- North American cover art
- Developers: NetherRealm Studios Other Ocean Interactive Code Mystics
- Publisher: Warner Bros. Interactive Entertainment
- Series: Mortal Kombat
- Engine: Unreal Engine 3
- Platforms: PlayStation 3, Xbox 360, Windows
- Release: PlayStation 3 August 30, 2011 Xbox 360 August 31, 2011 Windows February 1, 2012
- Genre: Fighting
- Modes: Single-player, multiplayer

= Mortal Kombat Arcade Kollection =

2011 video game compilation

Mortal Kombat Arcade Kollection is a 2011 video game compilation co-developed by NetherRealm Studios, Other Ocean Interactive and Code Mystics and published by Warner Bros. Games. It is a compilation of three classic 2D fighting games in the Mortal Kombat series. The game was created after an ambitious HD remake project titled Mortal Kombat HD Arcade Kollection was cancelled.
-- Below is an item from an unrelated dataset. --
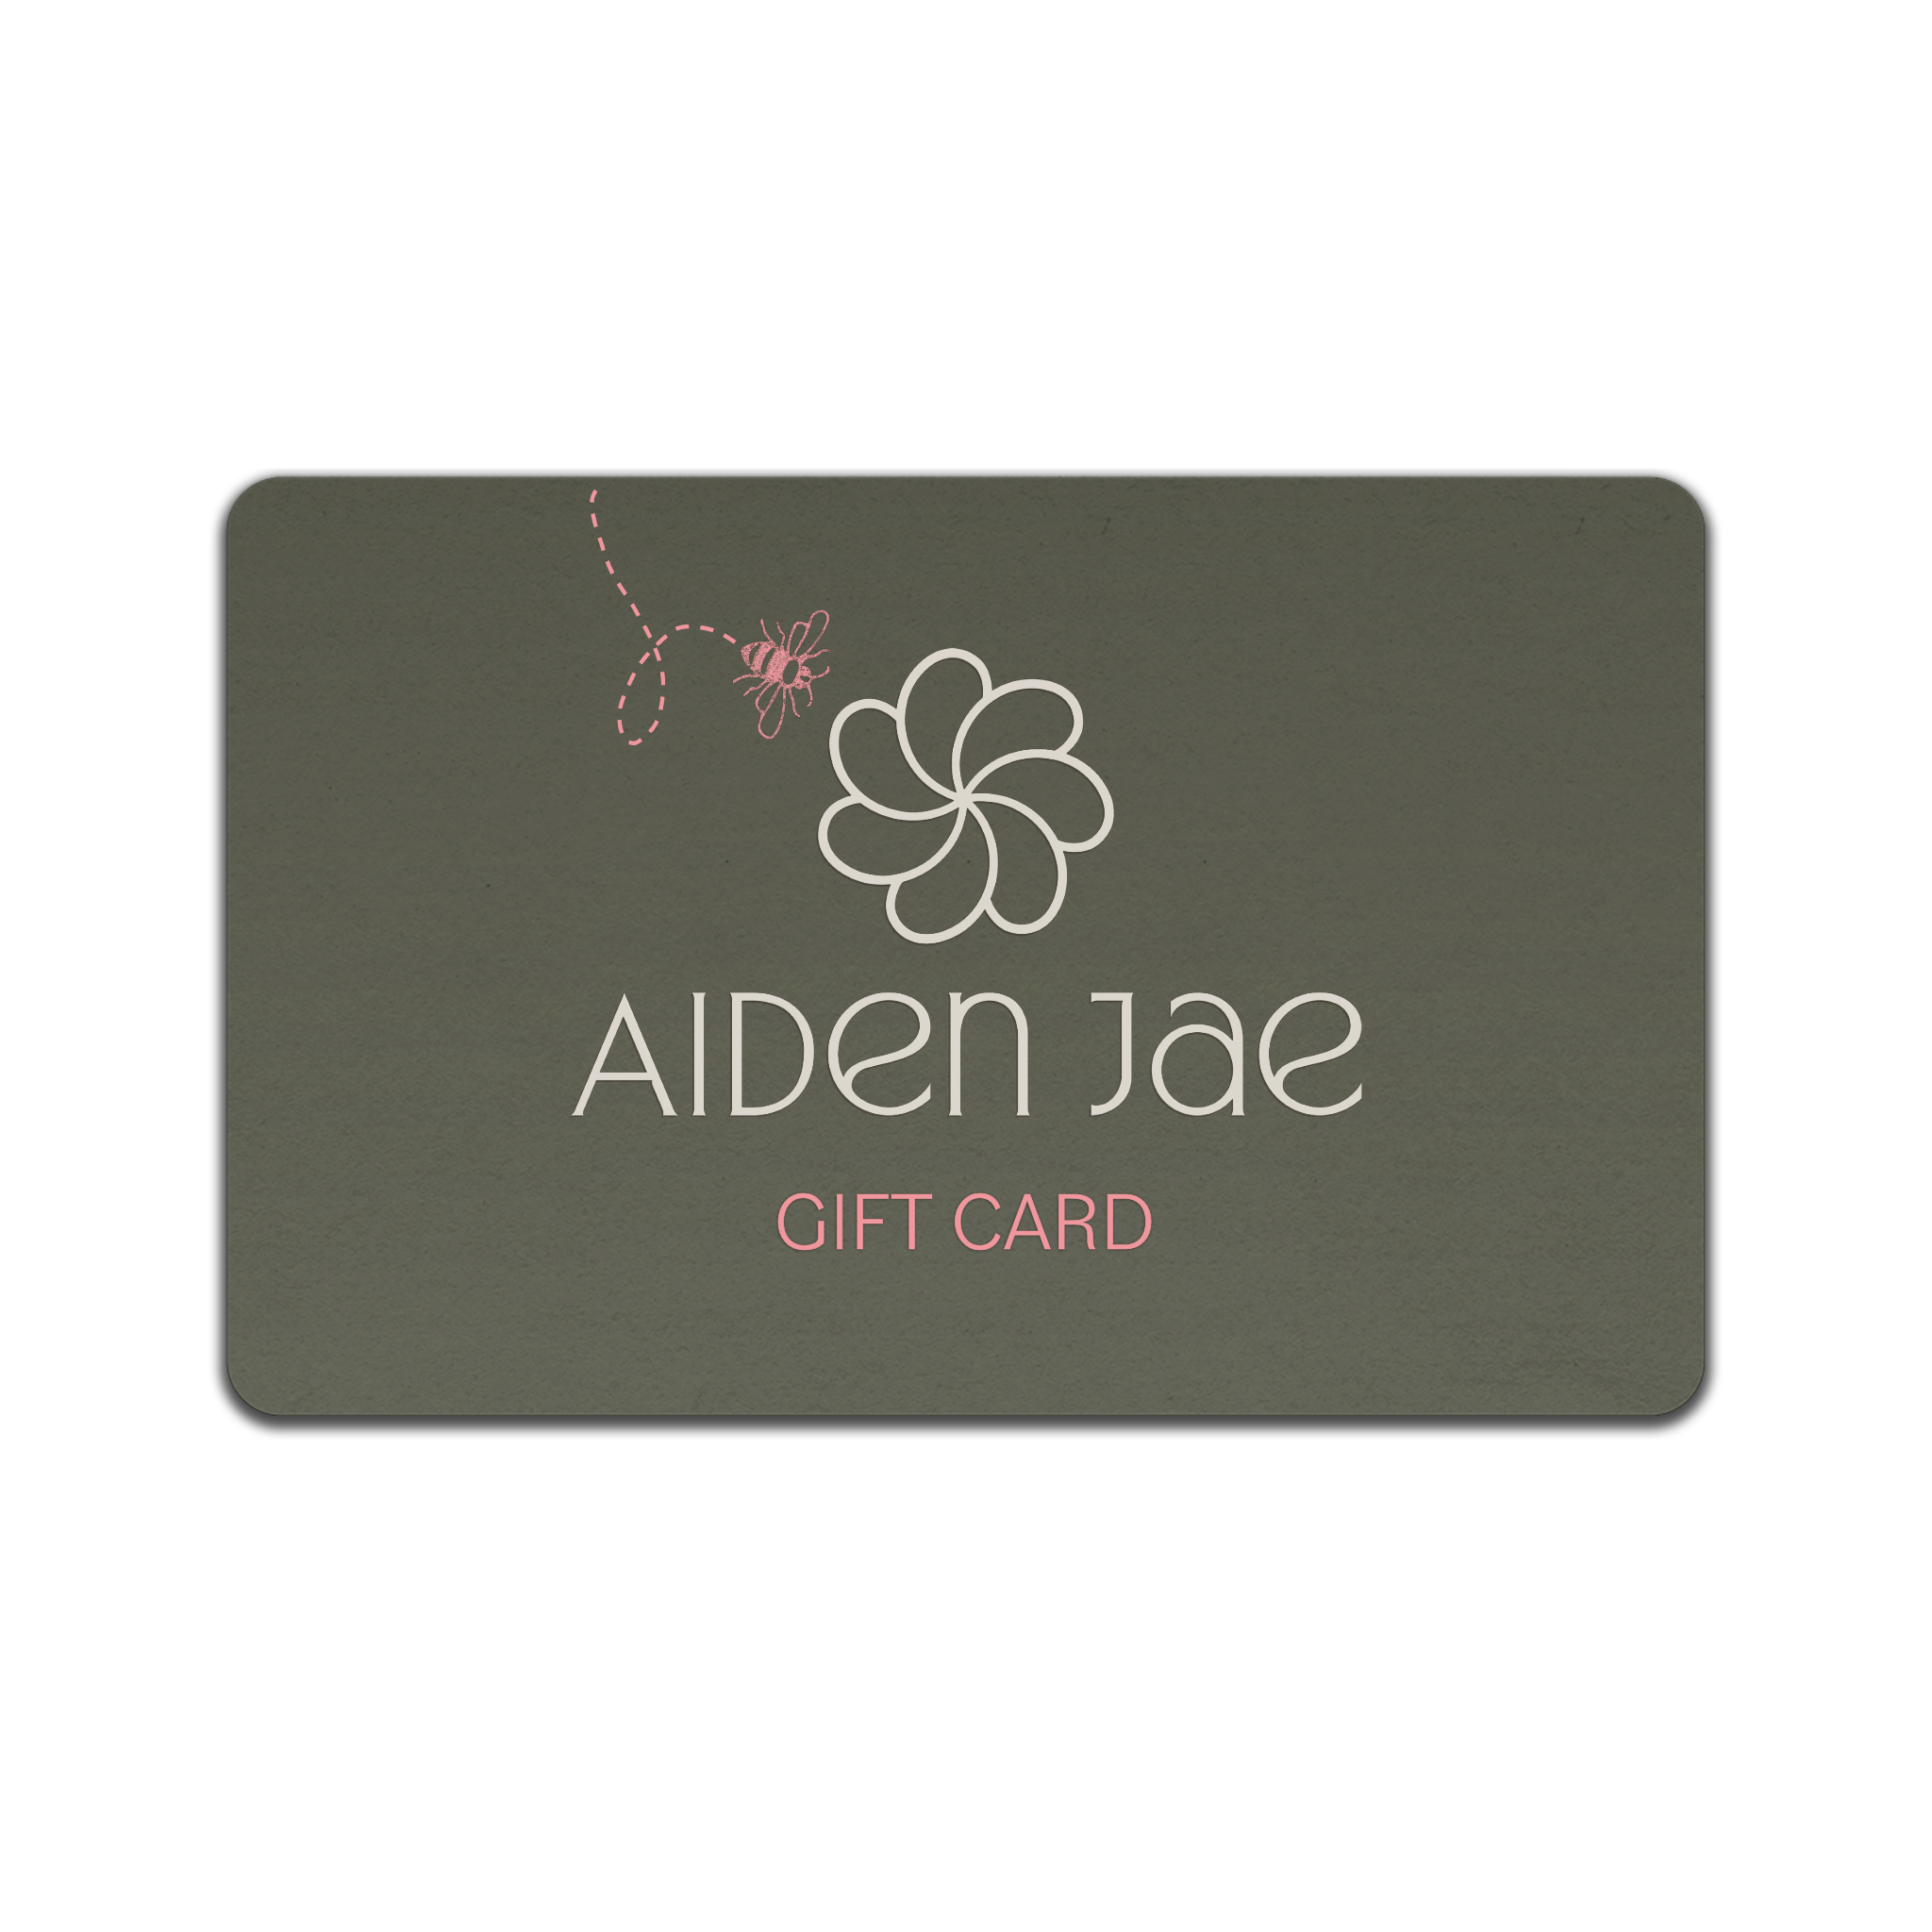 Aiden Jae gift card.

Arcade Kollection was released as a downloadable title for PlayStation 3 (via PlayStation Network) and Xbox 360 (via Xbox Live Arcade) in August 2011, and for Microsoft Windows (via Steam) on February 1, 2012.

==Gameplay==
The game is a compilation of the first three Mortal Kombat games: Mortal Kombat (1992), Mortal Kombat II (1993) and Ultimate Mortal Kombat 3 (1995). Along with a few very minor changes to them, it features online multiplayer, pause menus, achievements, also making unlockable characters always available in online mode.

==Development==
The game was originally conceived as an HD remake of the early Mortal Kombat games, featuring remade character sprites, new backgrounds and new user interface system, before the scope of the project was changed. Known as Mortal Kombat HD Arcade Kollection, it was supposed to be made by Other Ocean Interactive, the studio that has created Ultimate Mortal Kombat for the Nintendo DS. This project was never even officially announced before it was canceled, and a simple compilation of original games was released instead, also created by Other Ocean.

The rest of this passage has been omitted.